Saturday, July 06, 2013

The Pilgrim

It is a strange journey he has made. Geographically, he travelled to a far country, but that was only the beginning of his extraordinary path, the prelude for all that was to follow. Socially, he has occupied almost every position it is possible for a man of his age and time to experience: favoured son, hated brother, slave, honoured servant, prisoner, and now one of the mighty in the land. In the process his soul has been torn and stretched and kneaded to a new design, a contour that has no recognisance in the age in which he lives. Today, informed by a greater revelation, we acknowledge with awe that it is the shape of a cross.

For this is the journey that really matters, the pilgrim path that is hidden behind the outward patterns of his life, just as the gold or silver to be refined is hidden within the furnace, a transformative miracle too bright for our eyes to gaze on. And it has taken many years, and many tears that were seen only by God, in the darkness of the pit, in the darkness of the prison cell, in the darkness of the nights when memory pierced like a sharpened spear and the stars hung in their places like a myriad unshed tears. He yearned for so much, for that innocent time when he never dreamed of betrayal by his own flesh and blood, for the rain-nourished pastures of Palestine, so different from these Egyptian fields, for the opportunity to watch his little brother grow up. Most of all, he missed his Father, and the special bond of love they shared.
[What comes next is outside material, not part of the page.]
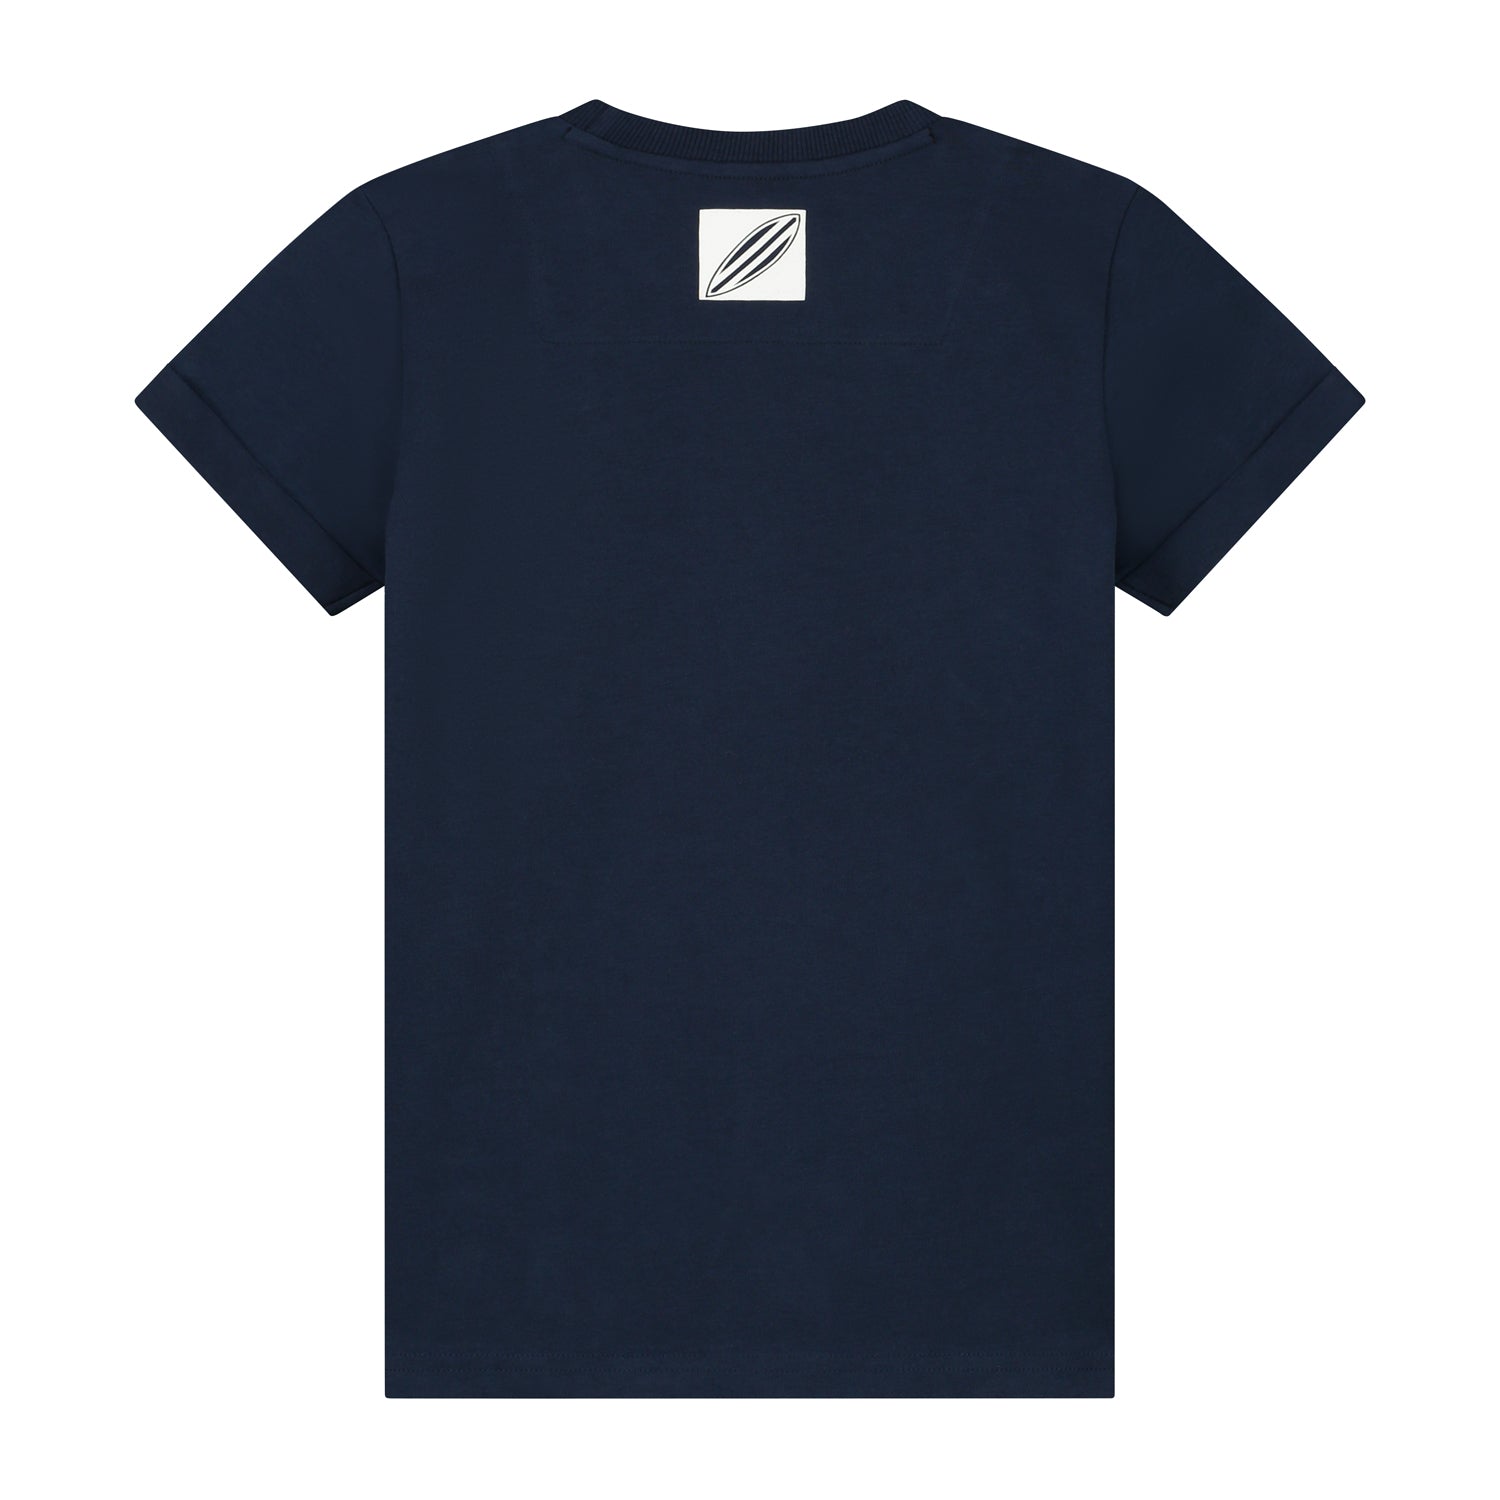 Skurk T-shirt Tristen Dark Blue

He had learned to hide his wounded heart very quickly. Slave traders care nothing for the feelings of their merchandise, only that they should refrain from any sulkiness that might lower their price. But inwardly he seethed. How could his brothers do this to him? In his darker moments he would plot fantasies of exquisite revenge, imagining what he could do if they were ever in his power.
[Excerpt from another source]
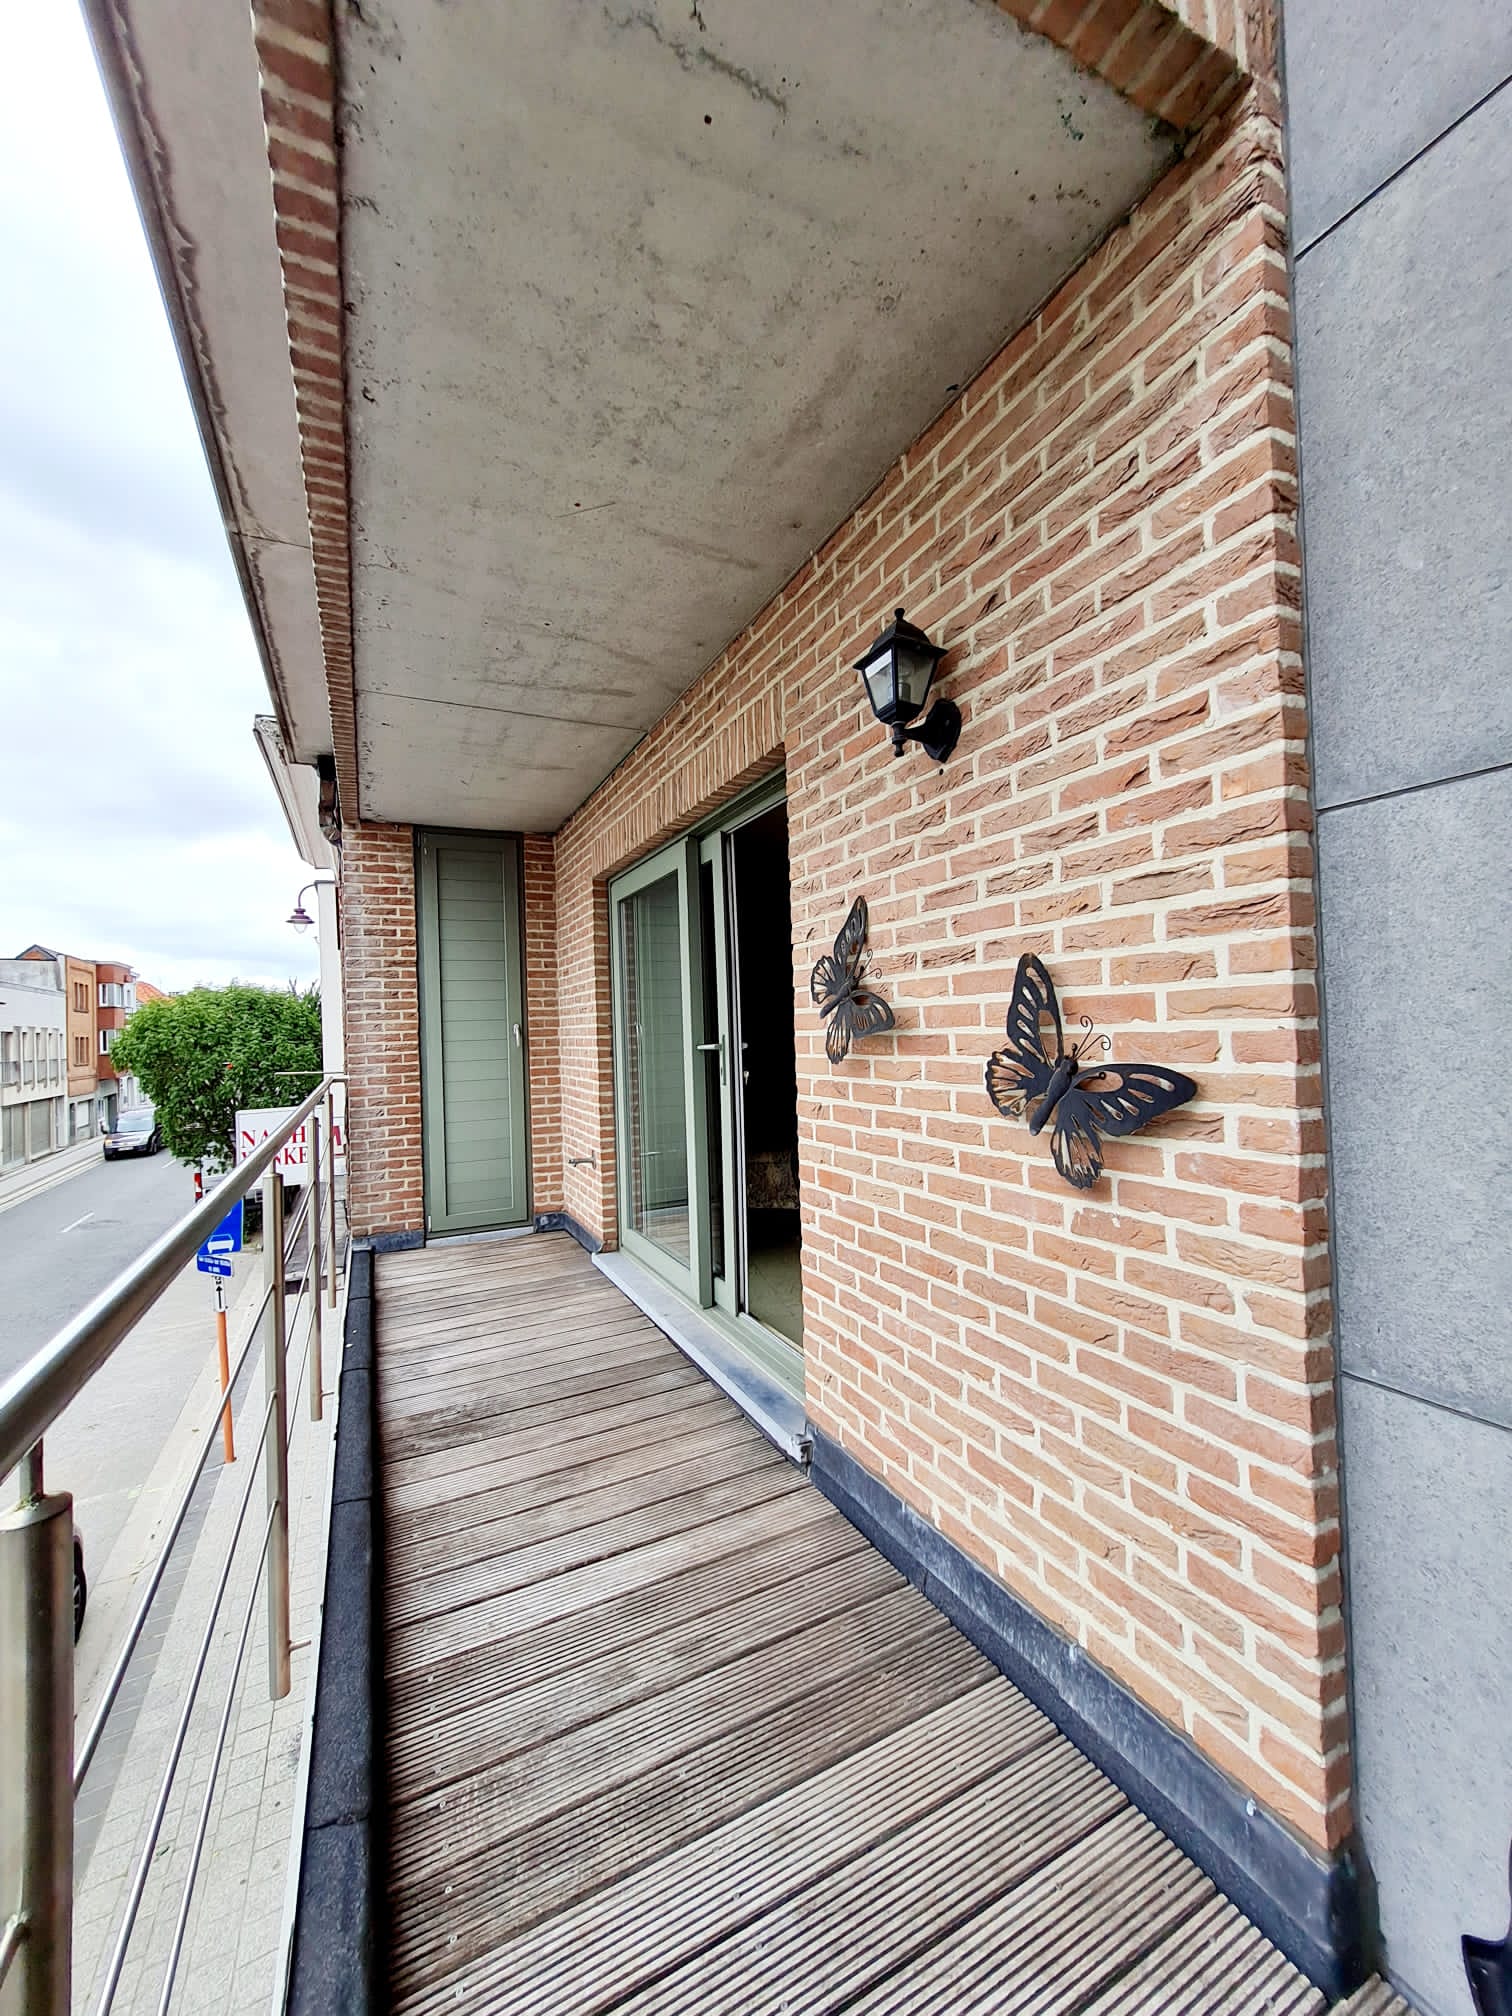 Kieldrecht 16 - Fully equipped flat for rent near Antwerp

And now, beyond the wildest reach of his imagination, it had actually happened. For a moment he felt the choking flame of rage rise up inside him, but there was no fuel left in his heart for it to feed on. He had changed. Through all these years, through the heights and depths of his fortunes, he had set his heart to seek God with fervour and conviction and hold steadily to his charted course despite the injustices and setbacks. And this resolute pursuit of God had shaped and transmuted his heart. How could he hold his resentment against his brothers when God had turned it all to a good beyond his wildest dreams? Yes dreams, those dreams, dreams of greatness and power over all his family. How he had gleefully fed his ego on them so many years ago! Yet now, in this moment when long-past dreams merged into the common day, there was no self-aggregation, only awe that he had lived to inhabit such a Holy Place. And he could look upon his brothers faces without anger and resentment, but marvel instead that his awkward, resolute steps through the long desert years had led him to the place of absolute forgiveness.